# The Line Of Trains, Norfolk



## KPUrban_ (Jan 25, 2020)

*Intro​*Sitting dormant on a line, awaiting preservation are a series of coaches ranging from MK2 coaches, Class 108 DMU as well as a Royal mail PCV coach.
Oh yeah, and a stoneblower.

*History?*
There's very little history i can gather for this as the line they're on as well as the stock them selves all have different origins and stories so I'll add some info on at the bottom of each photo.

*The Explore*
As most explores in Norfolk or anywhere in this region begin, it was in a field, whilst trying to avoid a number of cows and calves from turning us into a fine paste. Eventually we made it to the line and in front of us was a big yellow thing, later turning out to be a stone blower.

Now unfortunately I didn't get any external photos on the visit, as we were all too occupied trying to get into the coaches, which was quite a challenge.

The first MK2 coach

British Rail 
This coach was mostly trashed inside and hence i only bothered with this one shot. As all the other compartments are empty. The coach appeared to be in the former BR Blue livery as a First class coach.

Feet Off The Seats 

Anyway, Once out of that first coach we next found ourselves inside one of the driving coaches of a former br 108DMU.

Cab 
This unit was also in the Former network south east livery and would have operated in the eastern region when in operation before being preserved in the 90's.

Next up was a MK2b coach which appeared to have been either recently stored or had started to see work commence in an effort to get it running again.
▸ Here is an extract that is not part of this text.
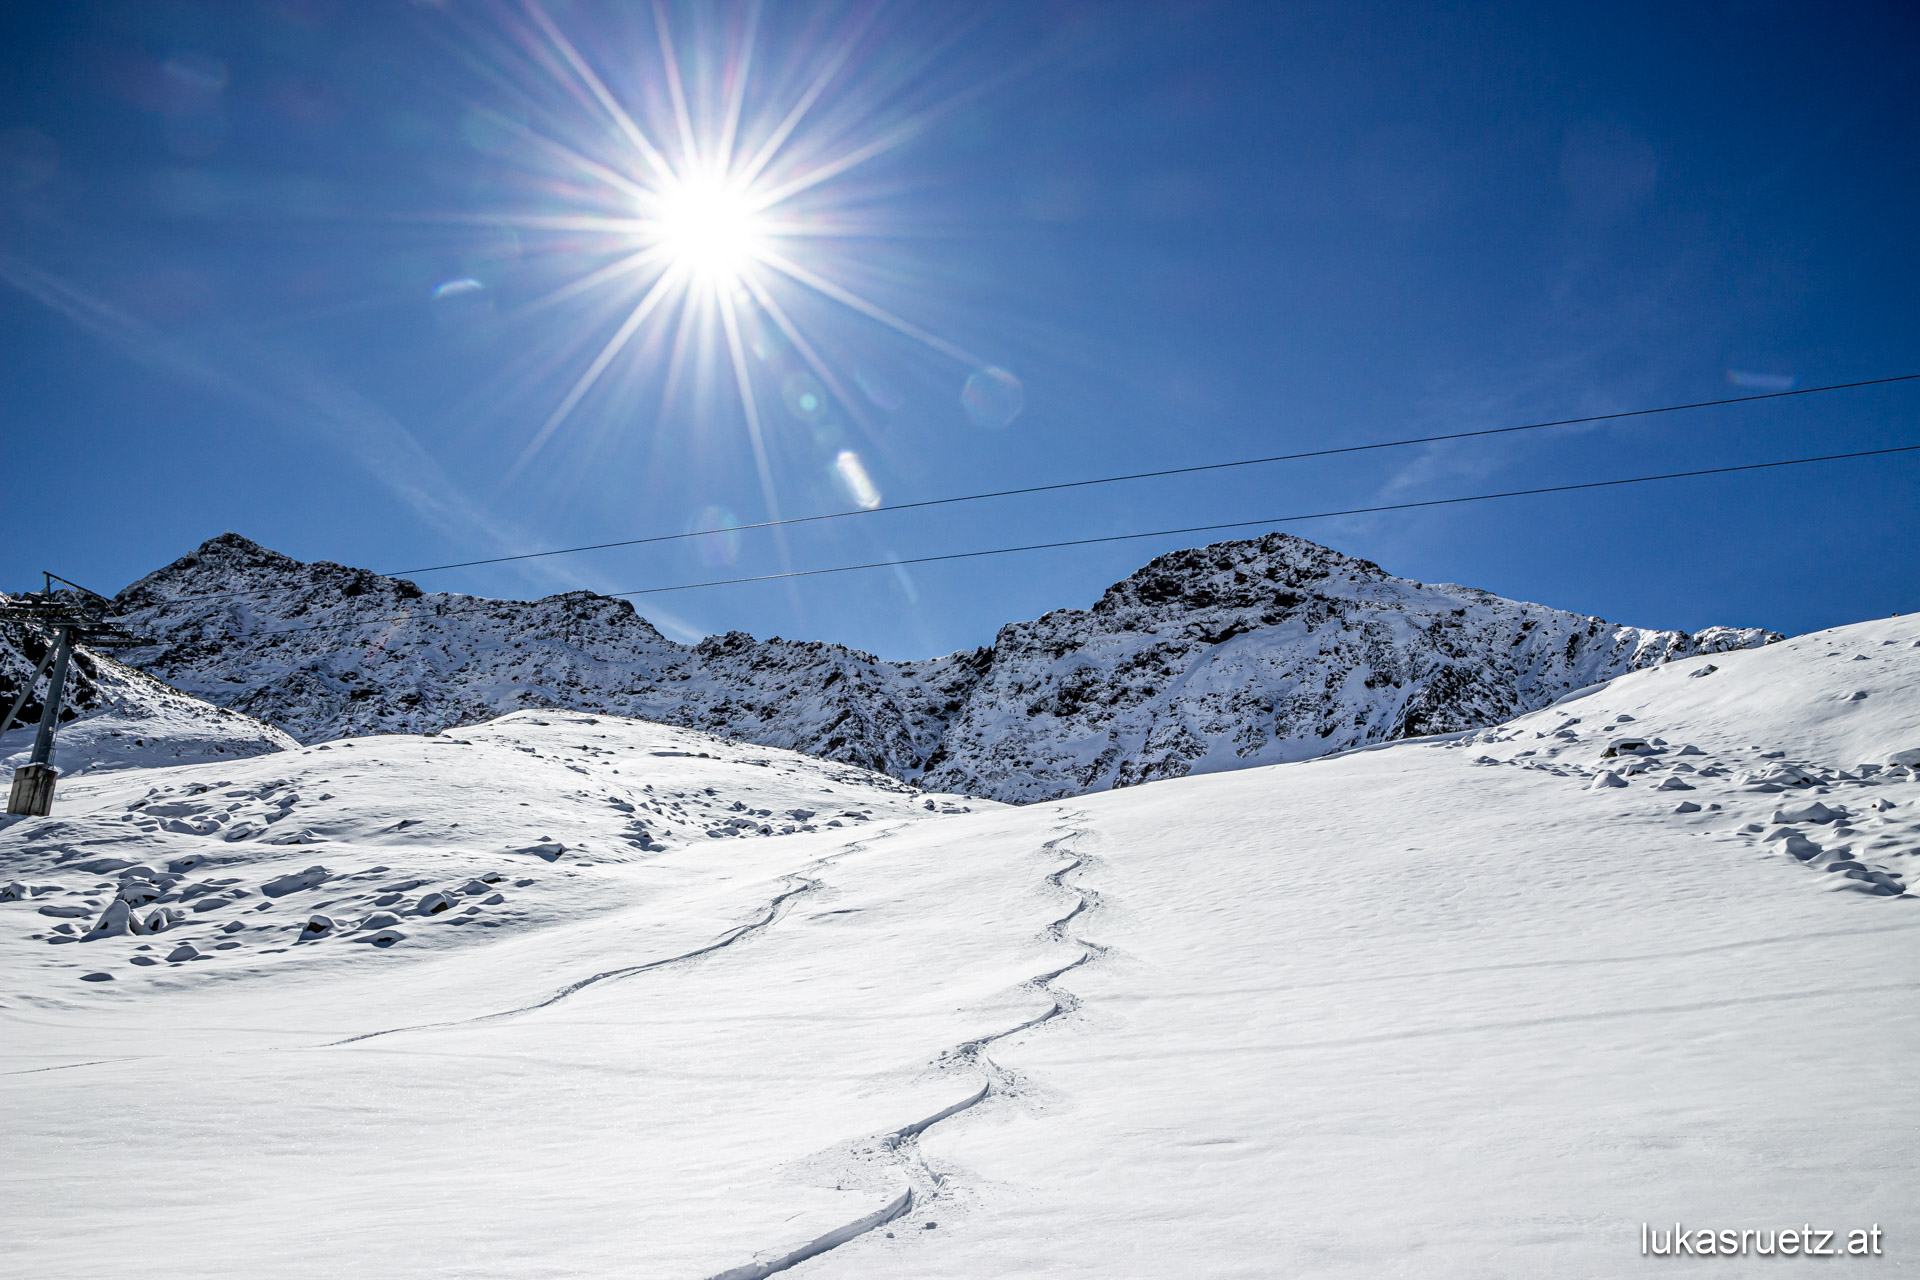 Starkschneefall im September 2020 & Allgemeines zu Skitouren im Herbst

The coach it'self is in a BR Blue/Grey livery and has suffered no obvious graffiti attacks. 

Standard Class 

One the way out we stuck our heads into the stoneblower.


Train To Busan 

The Mad Controller 

And with that we were out. Unfortunately the driving cab of the RoyalMail PCV was inaccessible but was still a good visit.

KP
,​


----------



## BikinGlynn (Jan 25, 2020)

Very nice, love a vbit of train action!


----------



## KPUrban_ (Jan 27, 2020)

BikinGlynn said:


> Very nice, love a vbit of train action!



Thanks! Do love some good trains, plenty about just hard to get to...


----------